Sometimes I wish I was a statistician. Or an economist. Or, even a psychic.
If I were any of those things, perhaps I could come up with a better answer to the question, “What’s the real estate market like?”
Because sometimes I’m not sure how to answer other than to say, “Dunno”, which is Minnesotan for “don’t know”.
For the week ending May 29, 2010, pended Minneapolis duplex sales were down 3.8 percent from the pace they set over the same stretch last year.
Well, hold on. The average off-market price for those properties was $164,276, and 40 percent of them were owned by traditional sellers.
Last year’s average sold price for the same week was just $93,454, with only 7.7 percent did not involve financial institutions in the negotiations.

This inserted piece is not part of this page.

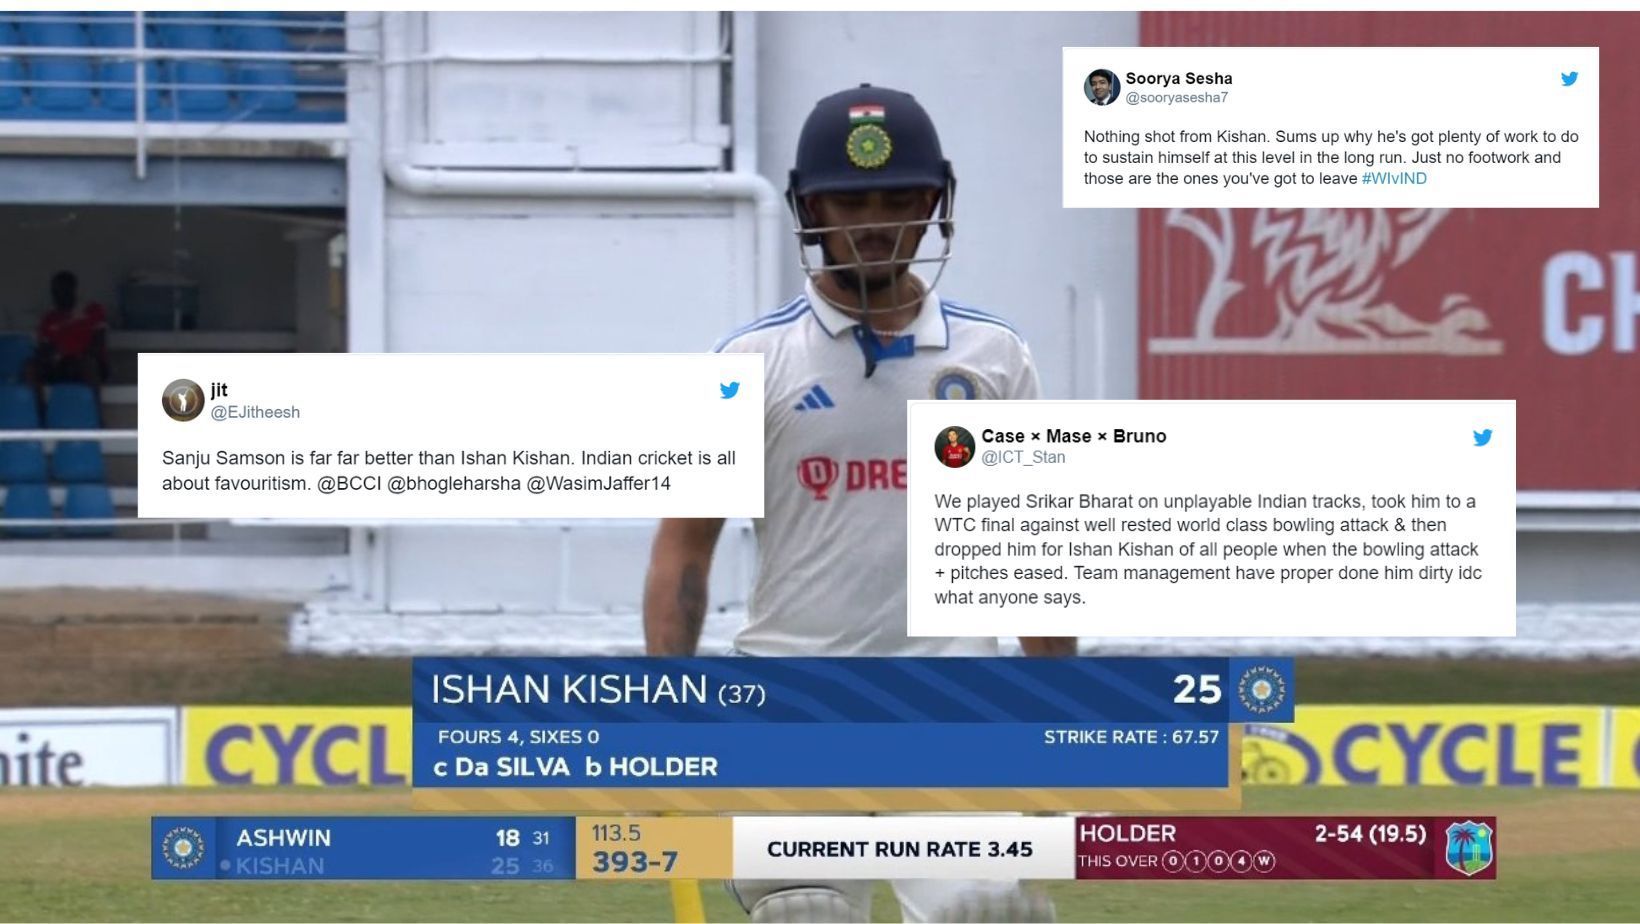 Twitter reactions to Ishan Kishan
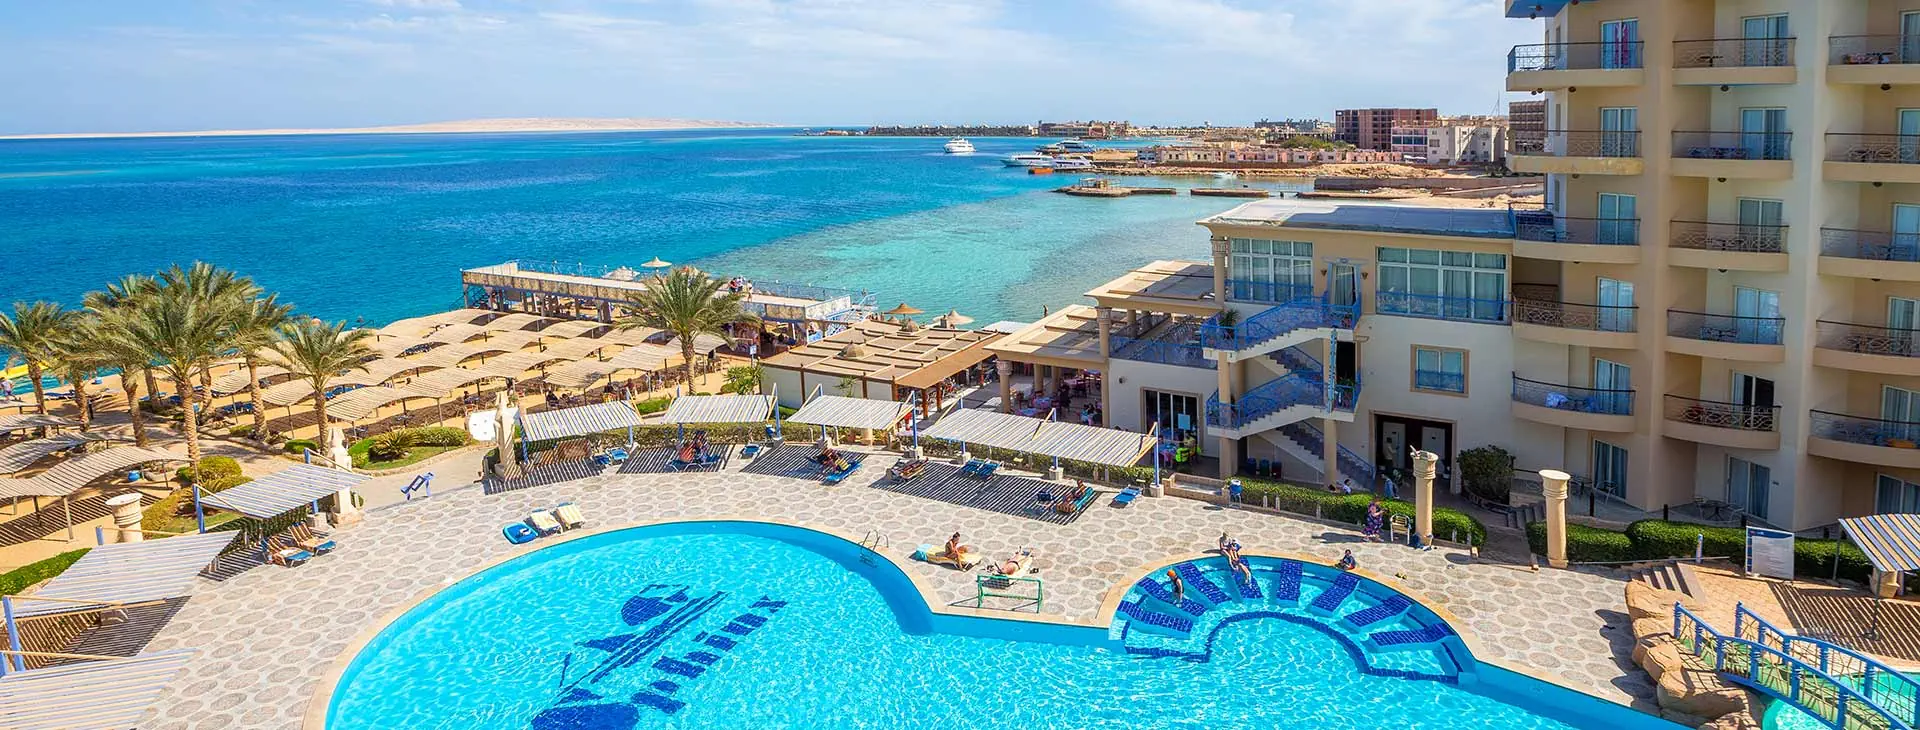 Egipt Hurghada Hurghada King Tut Aqua Park Beach Resort

Of the new listings for the last week in May, 54.7 percent were listed by traditional sellers. Not only was the number of listings up year-over-year by 15 percent, but traditional sellers also gained an additional 14 percent of the market share.
So is it good? Bad? Dunno.
Things are more clear over in the single family home market. Well, sort of.
The number of purchase agreements signed for the week was down 34.6 percent below the previous year. This was the fourth week in a row (and the fourth since the tax credit), in which this happened.
New listings were down 5.9 percent for the week from the mark they set last year.
However, those listings that received purchase agreements were also spending less days on the market than they had last year, and receiving 2.8 percent more of the original list price; at 94.1 percent.